Deloitte: Shale gas won't sideline LNG, conventional supplies
Natural gas from previously inaccessible shale formations has changed the global supply outlook. Development and production of these supplies won’t necessary make conventional or LNG uncompetitive, experts indicated during the Deloitte 2011 Energy Conference’s opening day on May 19.
OGJ Washington Editor
WASHINGTON, DC, May 20 -- Natural gas from previously inaccessible shale formations has changed the global supply outlook. Development and production of these supplies won’t necessary make conventional or LNG uncompetitive, experts indicated during the Deloitte 2011 Energy Conference’s opening day on May 19.
Attendees also were urged not to get caught up in euphoria over shale gas’s supply potential. Much more is involved than simply recovering it, said Marc S. Lipschultz, global head of energy and infrastructure at Kohlberg, Kravis, Roberts & Co. “Public perceptions absolutely are the front-end problem of this industry,” he observed, adding that it’s the industry’s responsibility to work with all stakeholders to assure that shale gas’s considerable potential is realized.
Rainer Seele, chairman of Wintershall Holding GMBH, said the German firm would continue to develop Russian gas supplies with OAO Gazprom and examine shale gas opportunities in Argentina. “Russia has abundant resources, export capacity, and competitive prices which will continue to make it a strong supplier of gas to Europe,” he said.
“I do not expect large-scale gas production in Europe this decade,” Seele continued. “The resources are less than in the US, the population density is greater, and the drilling and production costs are higher.” Others at the conference weren’t ready to dismiss Europe’s shale gas potential. Individual countries’ policies range from a moratorium in France to strong interest in Poland and elsewhere, they told OGJ.
US producers might find it very profitable to liquefy and export gas in the next decade, but not for much longer because overseas shale resources could still be developed, observed Gary Adams, vice-chairman of Deloitte’s US oil and gas practice. “Companies which operate in shale plays will need to be super-efficient,” he said during a press conference. “The ones which are focused only on gas will need to be lean and mean. Otherwise, they’ll be acquired or merged.”
Private financing’s role
Depressed US prices are hurting many producers’ cash flow, Lipschultz said. “Private financing can help bridge the gap and allow production from leases which otherwise might be deferred or formation of joint ventures to consolidate resources to improve economics,” he said. “The challenges we face will need to be solved by people sitting together to solve problems. You have spent your careers developing skills to produce oil and gas. We’ve spent ours learning how to mobilize capital and deploy it to maximize financial returns.”

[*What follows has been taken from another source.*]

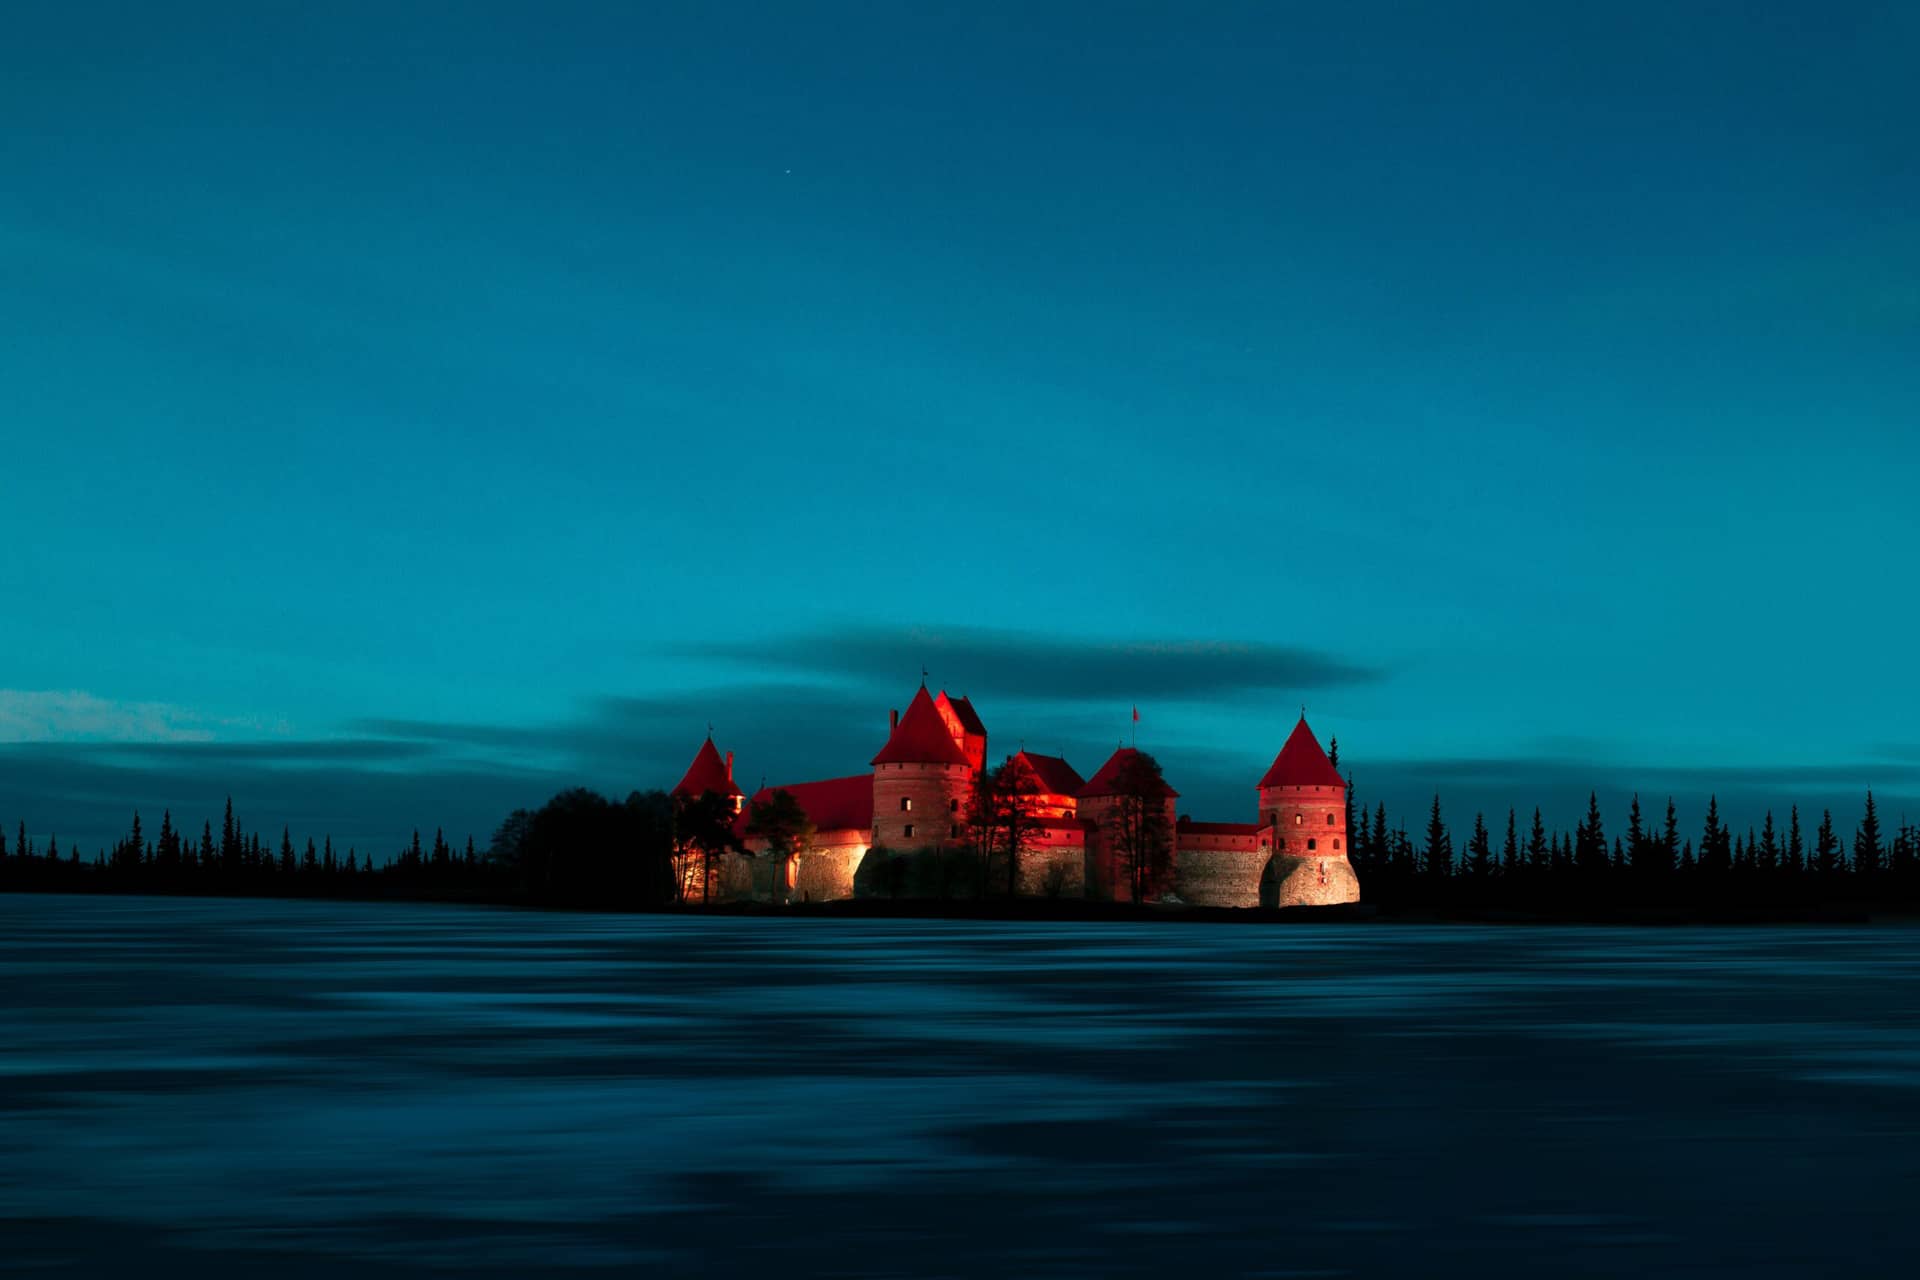 A red brick castle with round towers on an island

Adams said Deloitte is preparing a North American gas market study, which it plans to release this summer. It examines economics under three scenarios: a base case in which demand and government policies return to pre-2008 recession patterns, a case in which climate change concerns lead governments to adopt carbon control policies, and a new “wastewater worry” scenario under which governments adopt stringent regulations in response to drinking water supply contamination concerns.

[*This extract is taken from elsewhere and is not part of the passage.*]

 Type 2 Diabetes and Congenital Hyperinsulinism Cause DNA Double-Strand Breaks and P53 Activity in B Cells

Preliminary indications are that US gas production costs would increase most under the carbon concern scenario, which could revive LNG imports, Adams told reporters. “As worldwide LNG production doubles in the next decade, more could be available to the US, which would help keep domestic prices down,” he said. Terminal owners may want to think twice before spending millions of dollars dismantling gasification systems for LNG imports and replacing them with liquefaction units for exports, added Joe Stanislaw, Deloitte’s independent senior advisor for energy and sustainability.
Seele said while Wintershall’s partnership with Gazprom continues to provide Germany with economically competitive supplies, he also supports the European Union’s strategy of building southern pipelines although geography poses significant construction challenges. “Market changes pose new challenges,” he observed. “The ability to maintain equal partnerships with the right technological investments will be the recipe for success.”